WHAT NEEDS TO BE DONE: Take the entries below and print only the lines from the one with "Incrustée d'éléments décoratifs" through the one with "Largeur : 0.8", exactly as they stand, both ends included.

SOURCE INFORMATION:
== Segment start ==

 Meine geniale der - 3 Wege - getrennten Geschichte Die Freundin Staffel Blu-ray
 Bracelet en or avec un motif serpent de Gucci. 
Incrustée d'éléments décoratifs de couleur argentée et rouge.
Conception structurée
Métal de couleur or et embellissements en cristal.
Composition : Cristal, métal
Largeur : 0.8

== Segment end ==
== Segment start ==

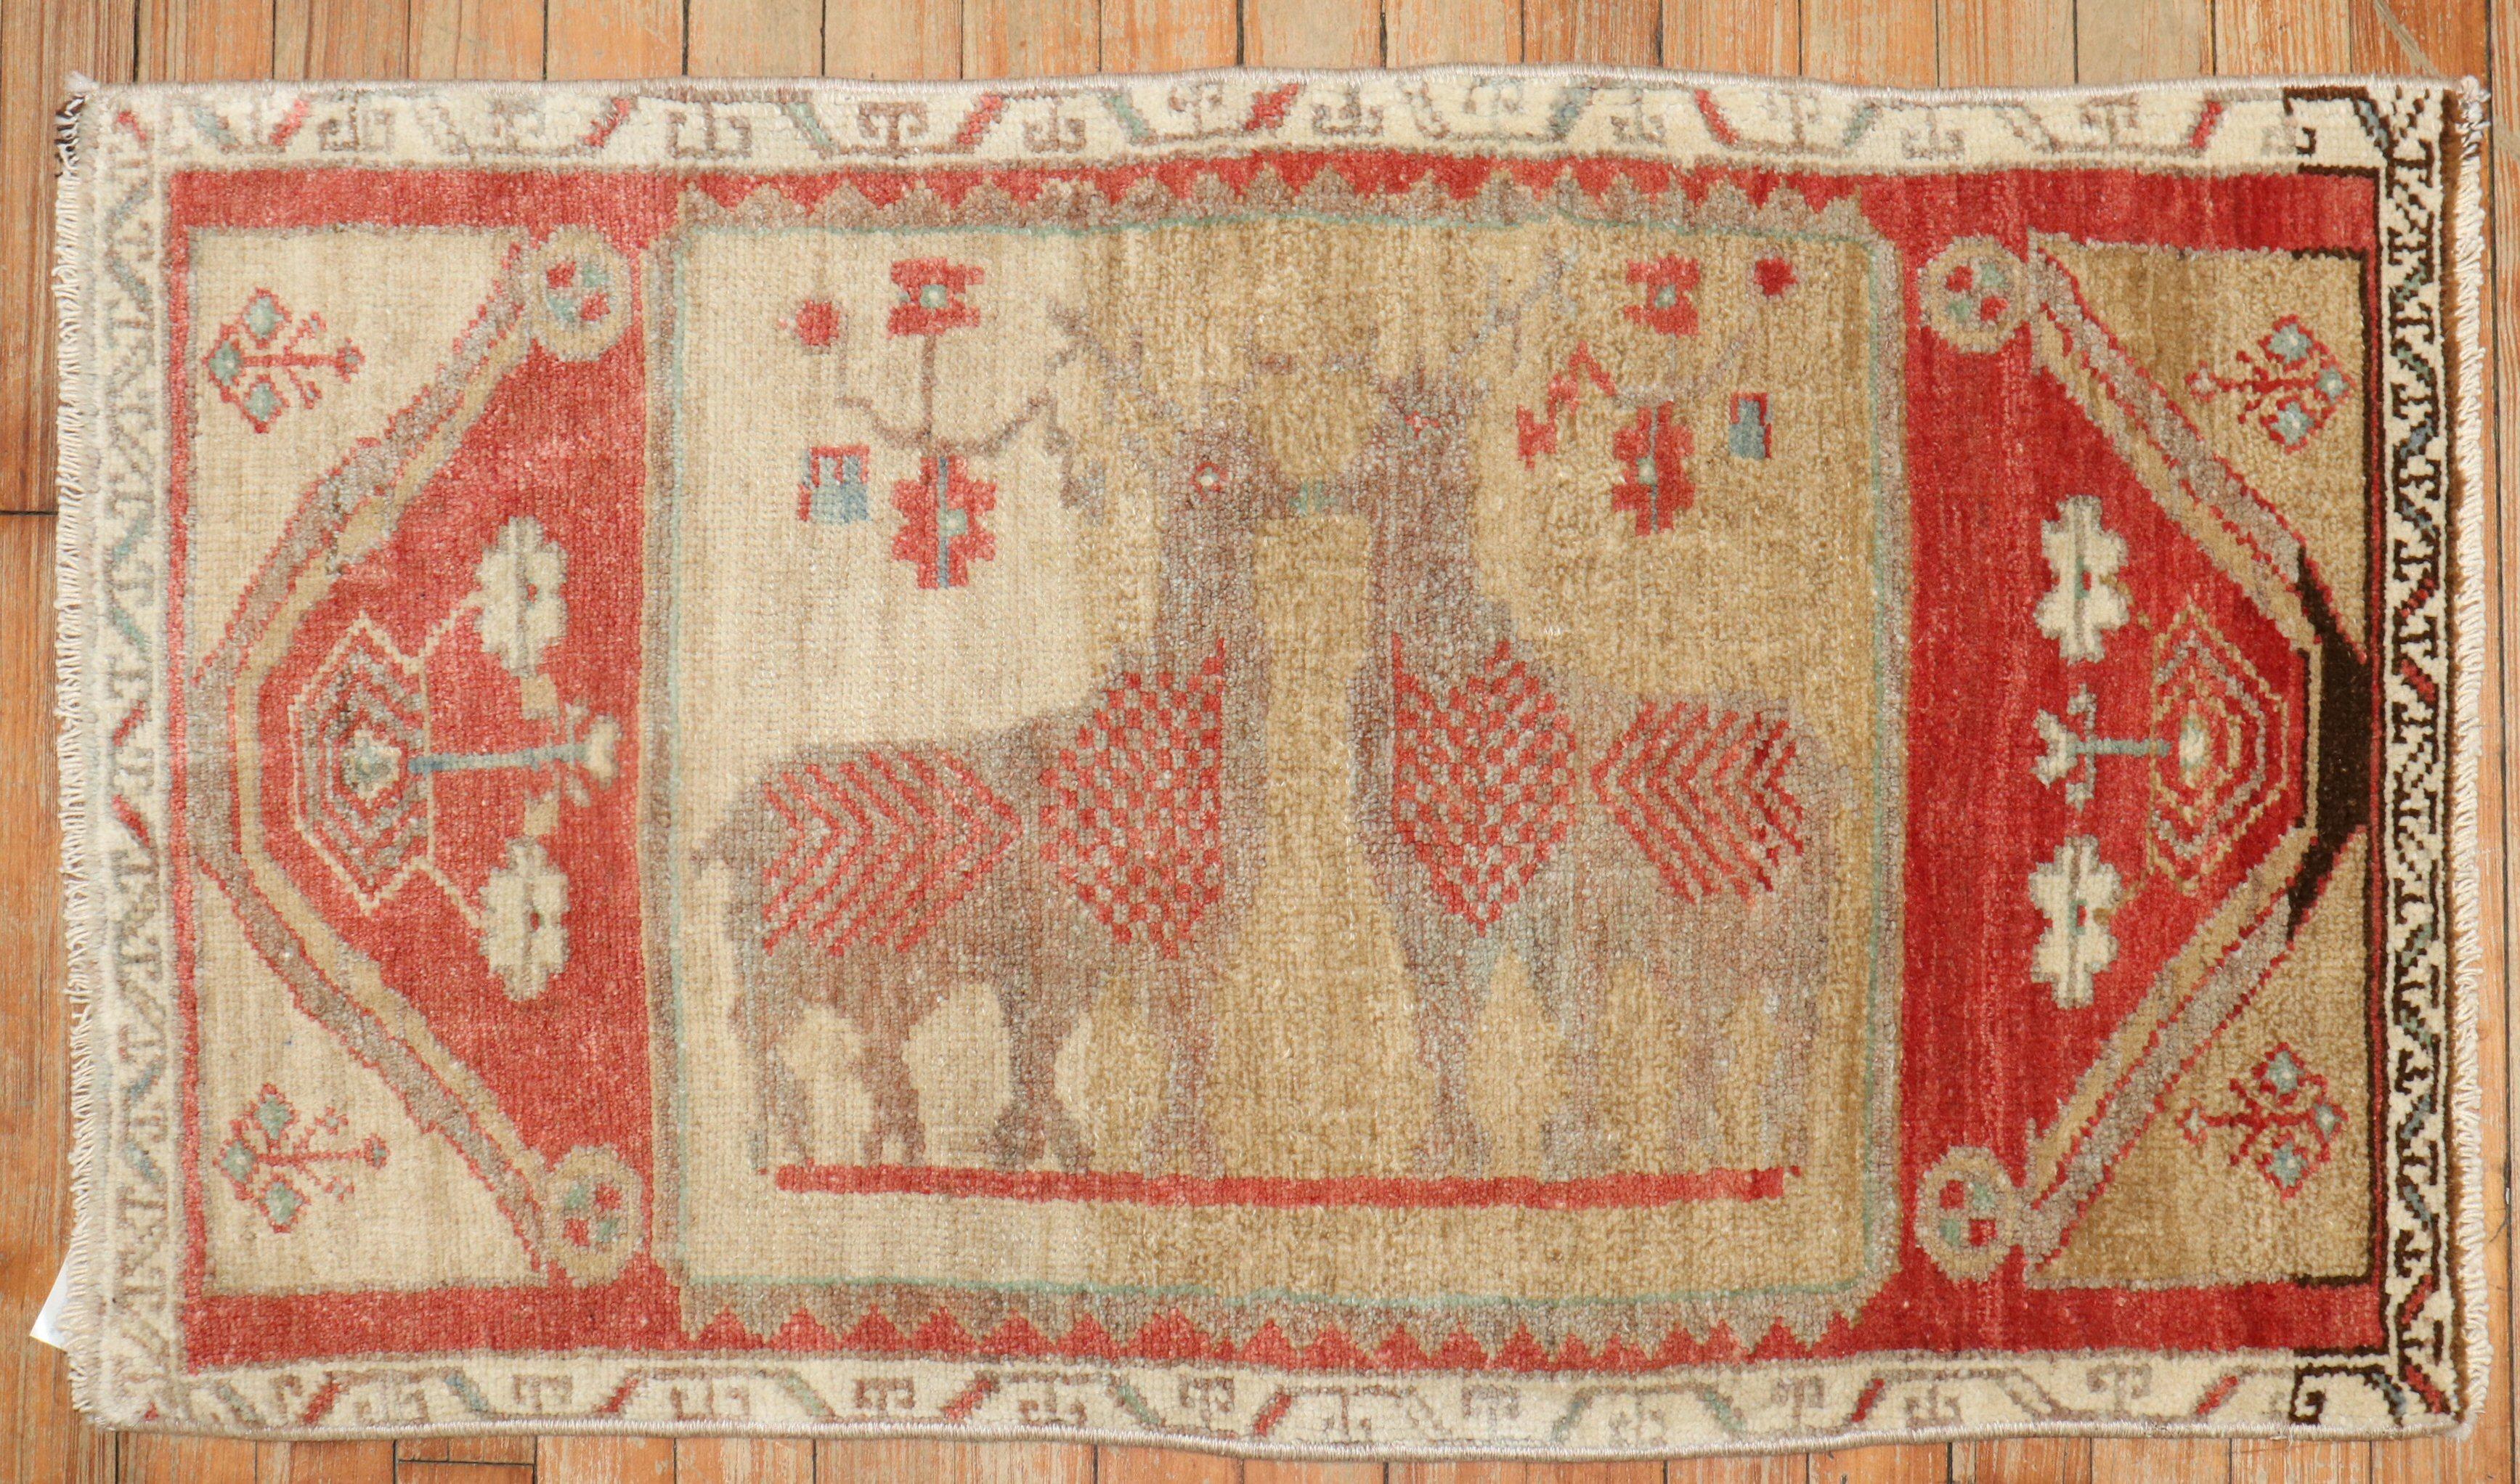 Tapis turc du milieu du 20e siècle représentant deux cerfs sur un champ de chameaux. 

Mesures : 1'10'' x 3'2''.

== Segment end ==
== Segment start ==

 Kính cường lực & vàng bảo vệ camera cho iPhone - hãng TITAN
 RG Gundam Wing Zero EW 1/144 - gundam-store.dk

== Segment end ==

TASK ANSWER:
Incrustée d'éléments décoratifs de couleur argentée et rouge.
Conception structurée
Métal de couleur or et embellissements en cristal.
Composition : Cristal, métal
Largeur : 0.8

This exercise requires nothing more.